#### [Work item]
For the records below, output word for word the lines from the one with "Seamless Peach Daisy" up to and including the one with "1 BCW Red Short". No pictures.

#### [Data for review]
§ §
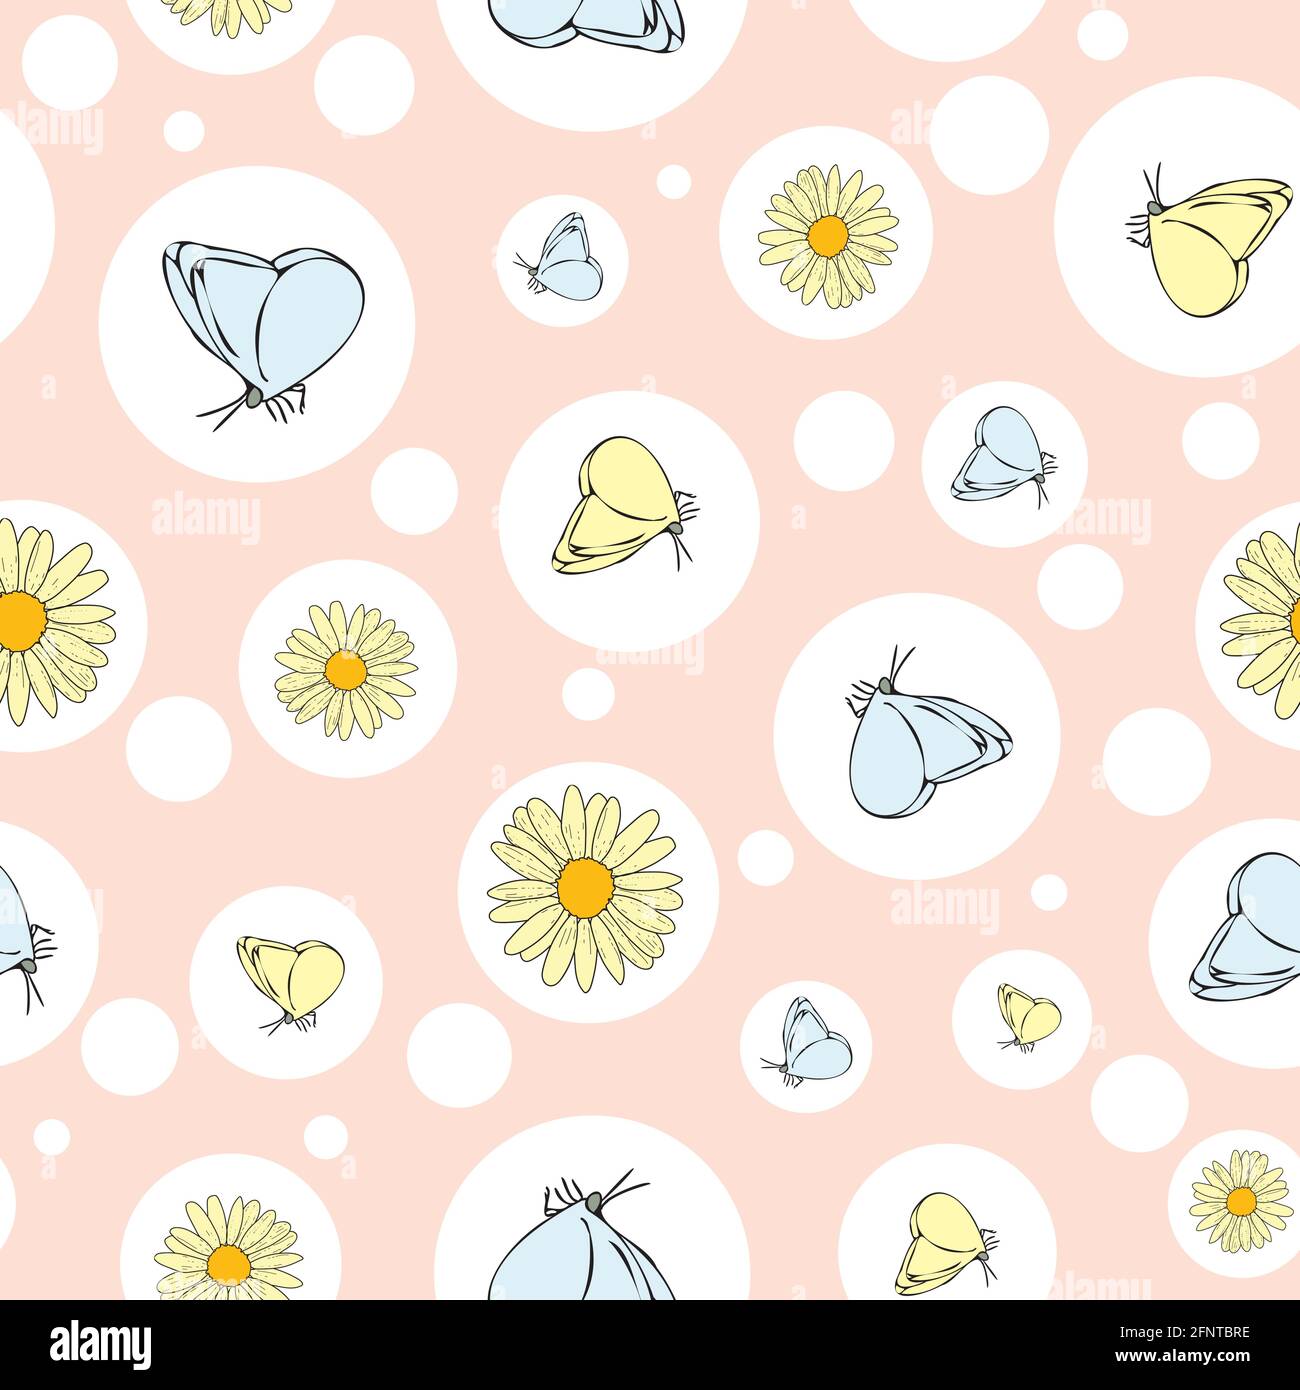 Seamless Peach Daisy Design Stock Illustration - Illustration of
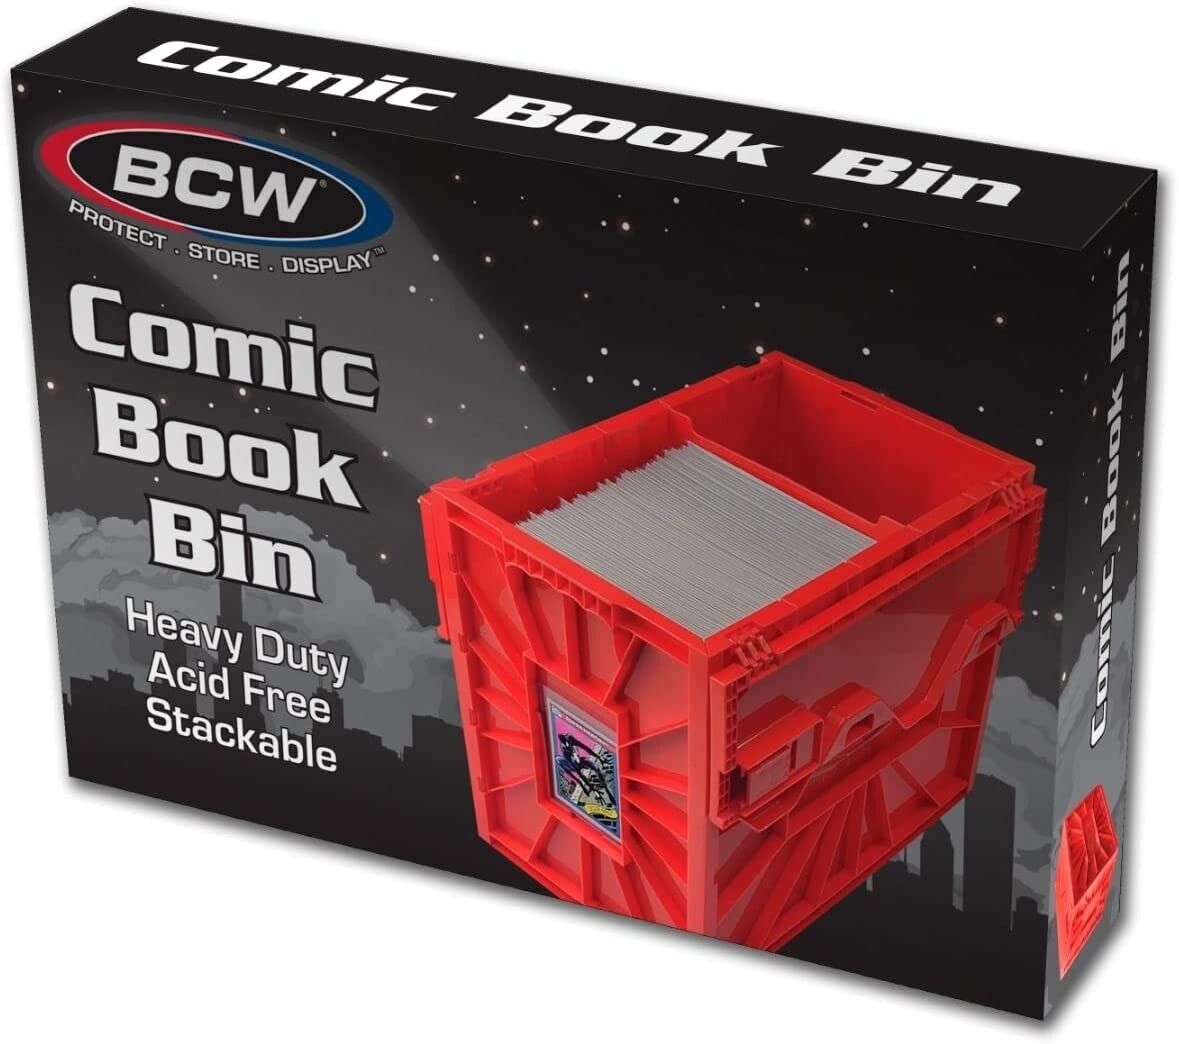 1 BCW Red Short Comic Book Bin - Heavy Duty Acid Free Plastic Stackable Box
§ §
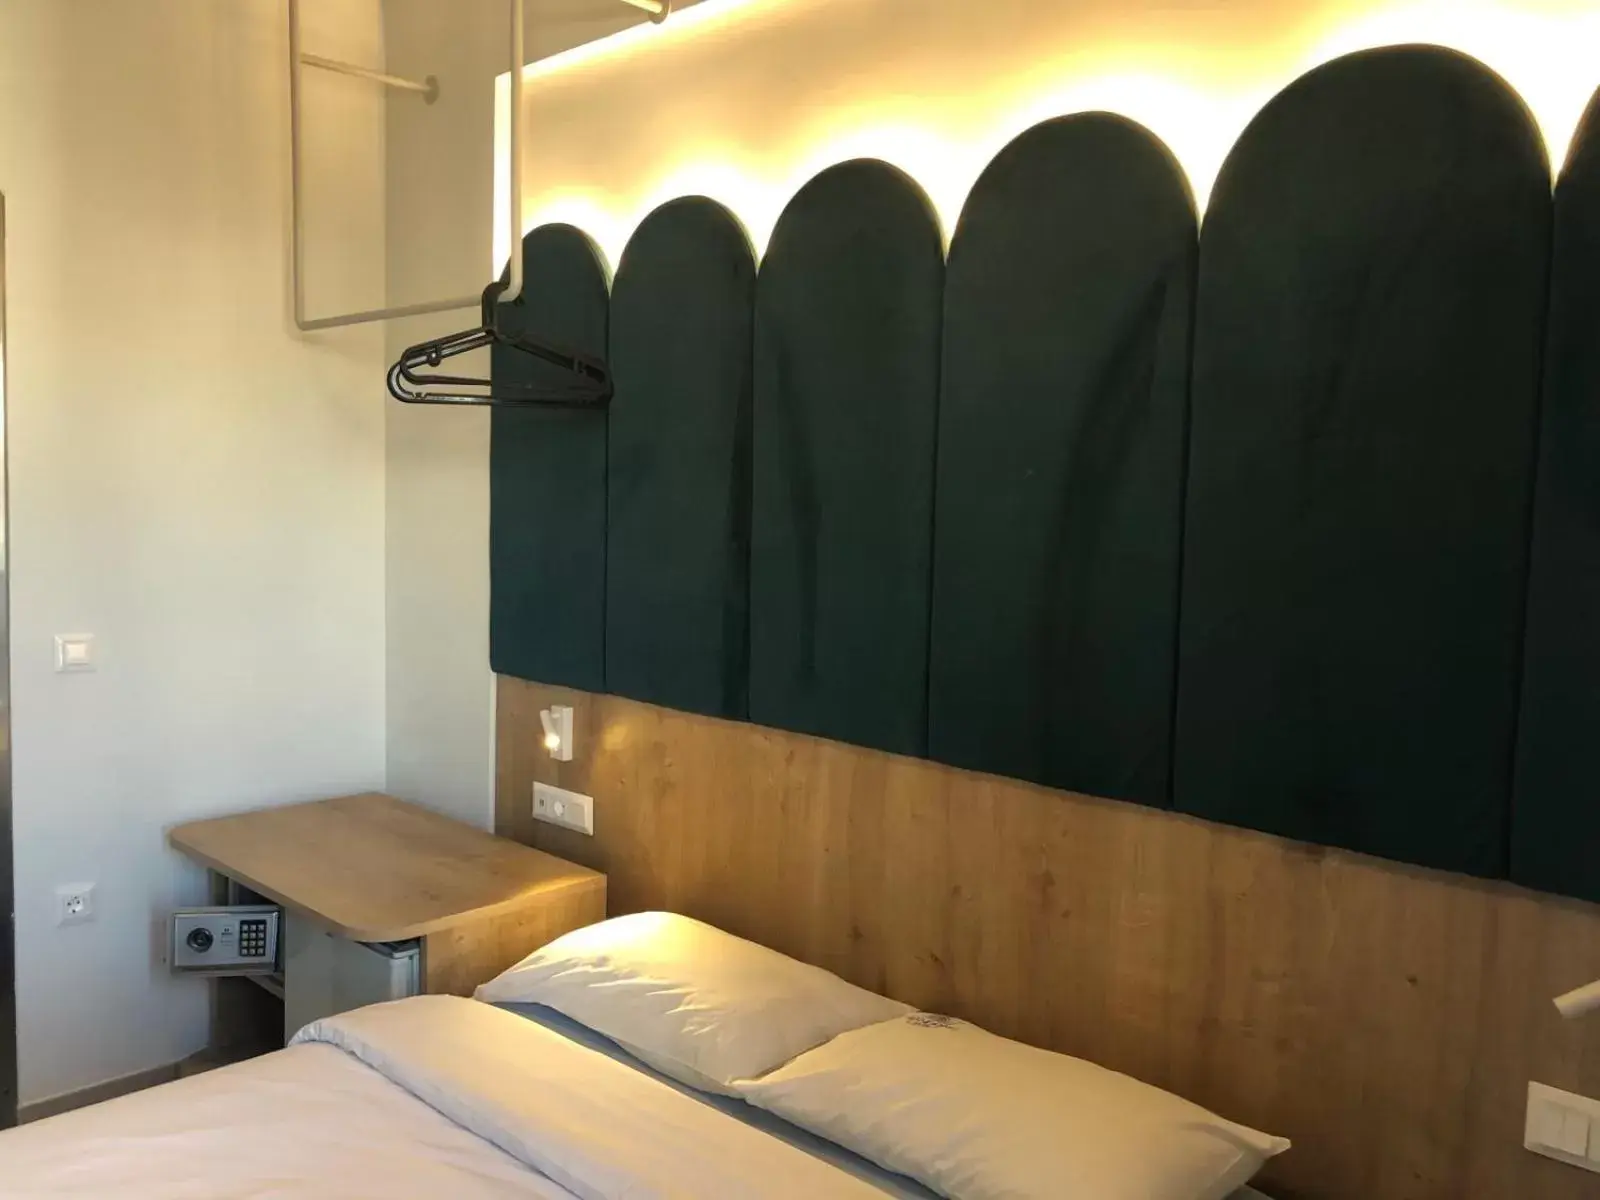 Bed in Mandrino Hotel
§ §
#### [Problem solution]
 Seamless Peach Daisy Design Stock Illustration - Illustration of
 1 BCW Red Short Comic Book Bin - Heavy Duty Acid Free Plastic Stackable Box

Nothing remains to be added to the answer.